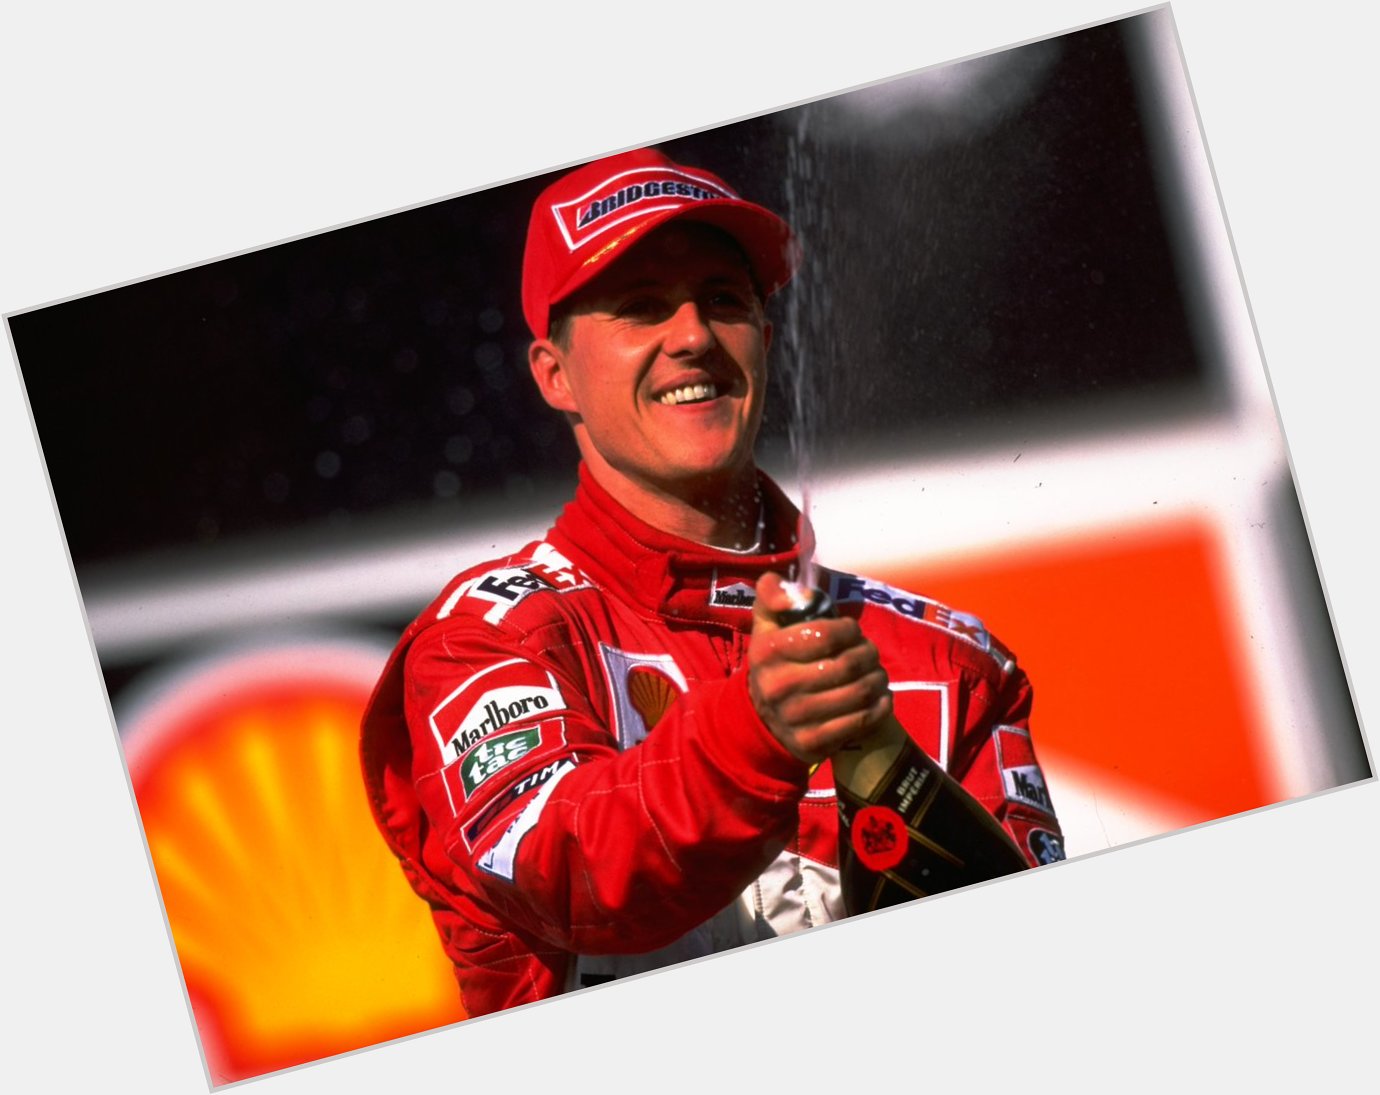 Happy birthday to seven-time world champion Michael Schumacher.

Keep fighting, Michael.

--

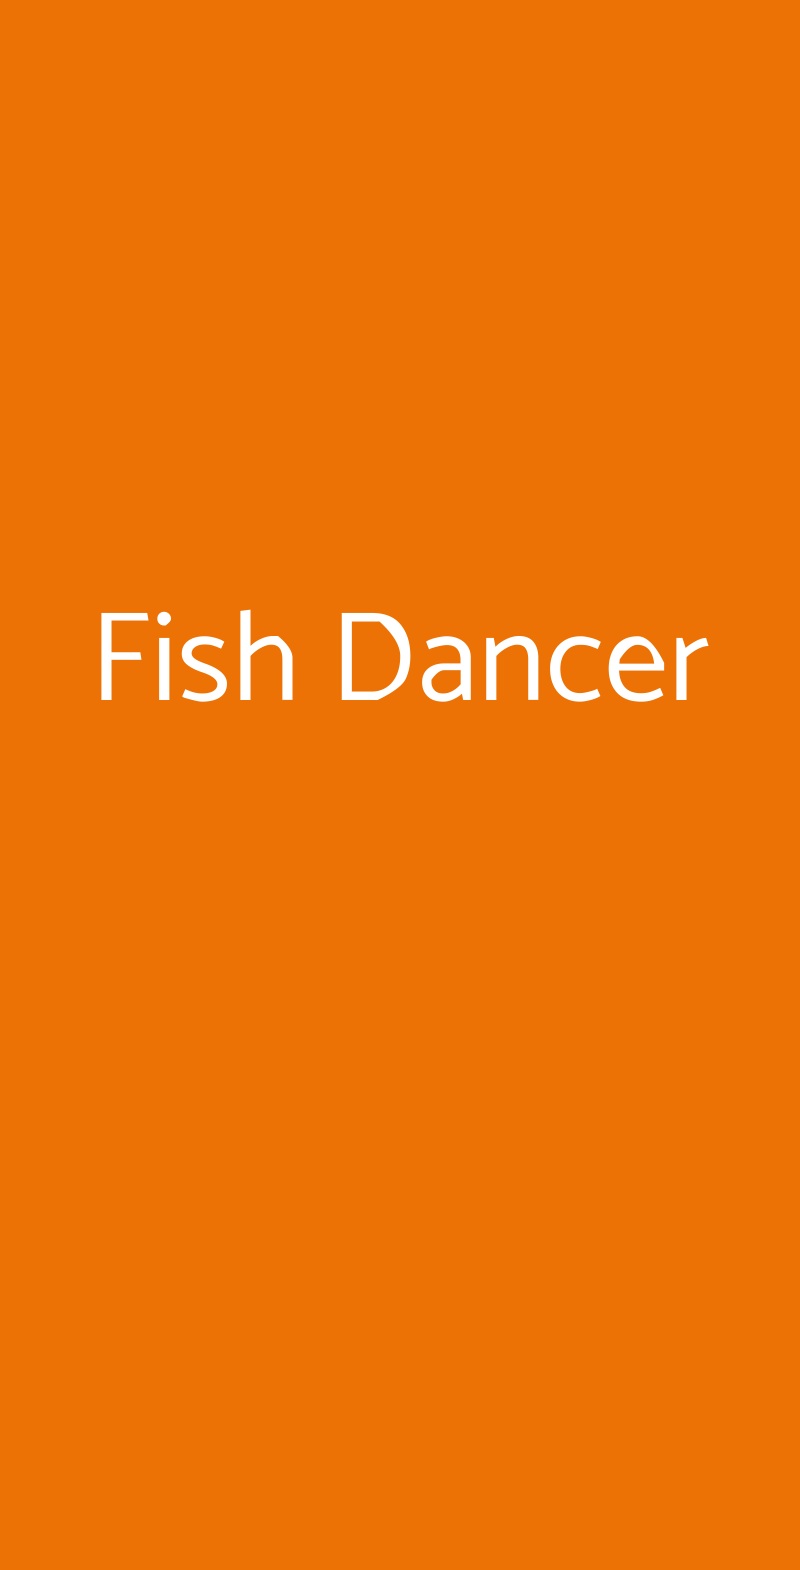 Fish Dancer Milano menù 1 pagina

### WHAT YOU HAVE TO DO
Exactly as written above, retype the lines starting at the one holding "Happy birthday to" and ending at the one holding "Keep fighting, Michael.", both included, but not the pictures.

### EXERCISE SOLUTION
 Happy birthday to seven-time world champion Michael Schumacher.

Keep fighting, Michael.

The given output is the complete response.